The Supreme Court did not create a rigid deadline that applies regardless of whether an employee could have discovered the discrimination. Instead, it expressly left open the possibility that plaintiffs can wait to sue until after learning of discrimination, under the so-called “discovery rule.” It noted in footnote 10 of its opinion, “we have previously declined to address whether Title VII suits are amenable to a discovery rule. . . .Because Ledbetter does not argue that such a rule would change the outcome in her case, we have no occasion to address this issue.” In short, since Ledbetter didn’t even claim that a lack of knowledge had prevented her from suing in time, relaxing the deadline for her would have done her no good. (Moreover, if she had lacked knowledge as a result of being hoodwinked by her employer, she could have had the deadline extended under the Supreme Court’s longstanding doctrine of equitable tolling, which applies somewhat more narrowly than the discovery rule.)

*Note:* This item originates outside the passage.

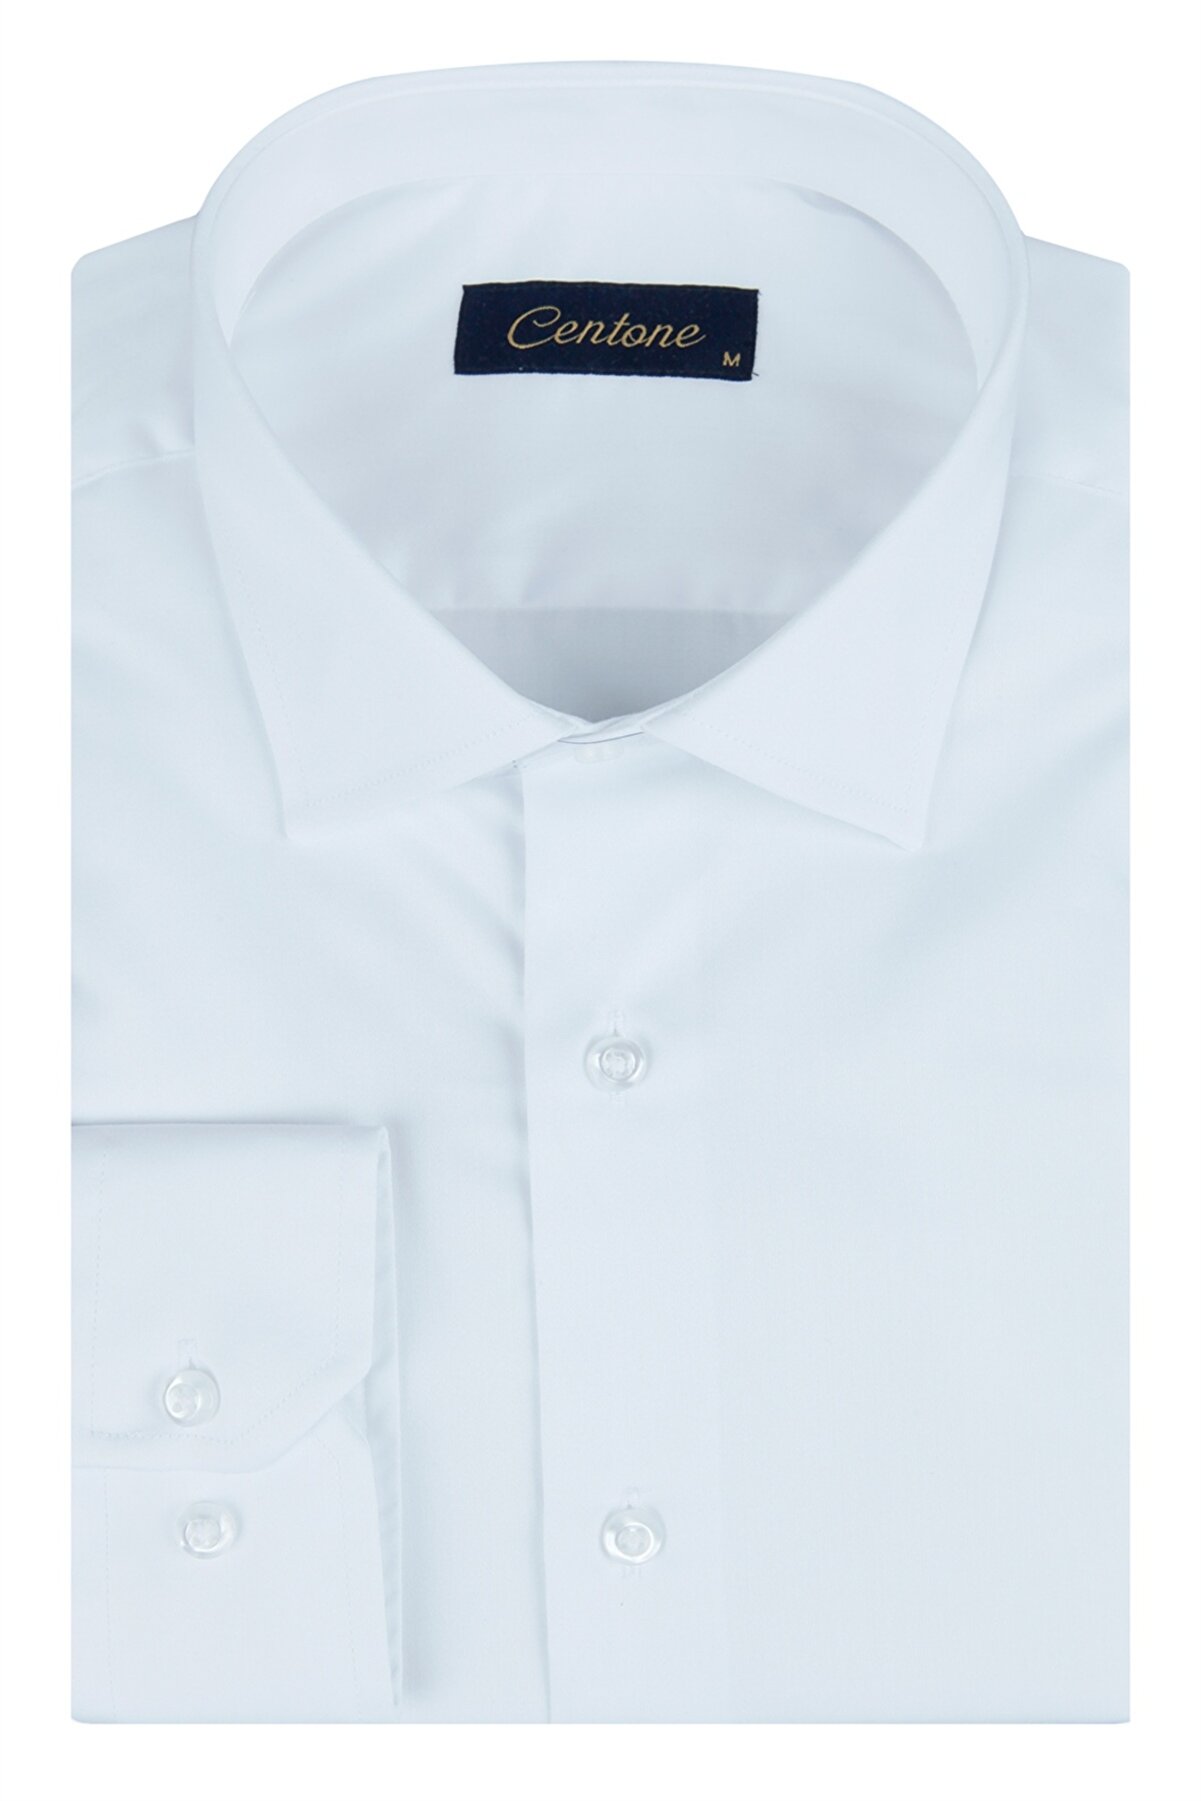 Centone Beyaz Comfort Fit Uzun Kol Gömlek

After she lost her case, Ledbetter claimed to Congress that she had not learned of the discrimination until the end of her career — a claim parroted by gullible politicians and journalists before it was debunked.
But in Ledbetter’s deposition, she admitted she knew by 1992 – years earlier — that she was paid less than her male peers, notes David Copus in page 8 of the online version of his October 2008 law journal article “Pay Discrimination Claims After Ledbetter.”
Similarly, Washington lawyer Paul Mirengoff notes that “Ledbetter testified that she knew by 1992 that her pay was out of line with her peers. In 1995, she spoke to her supervisor about the problem, telling him that ‘I knew definitely that they were all making a thousand at least more per month than I was and that I would like to get in line.’ Yet Ledbetter waited until 1998 to file her EEOC complaint.”
Moreover, although the Supreme Court dismissed Ledbetter’s claim under Title VII, the discrimination law with the shortest deadline, it pointed out that the plaintiff could easily have pressed her claim instead under the Equal Pay Act, which has a much longer deadline for suing. As it noted, “Petitioner, having abandoned her claim under the Equal Pay Act, asks us to deviate from our prior decisions in order to permit her to assert her claim under Title VII.” She might have won her case had she simply appealed based on the Equal Pay Act, something she inexplicably failed to do.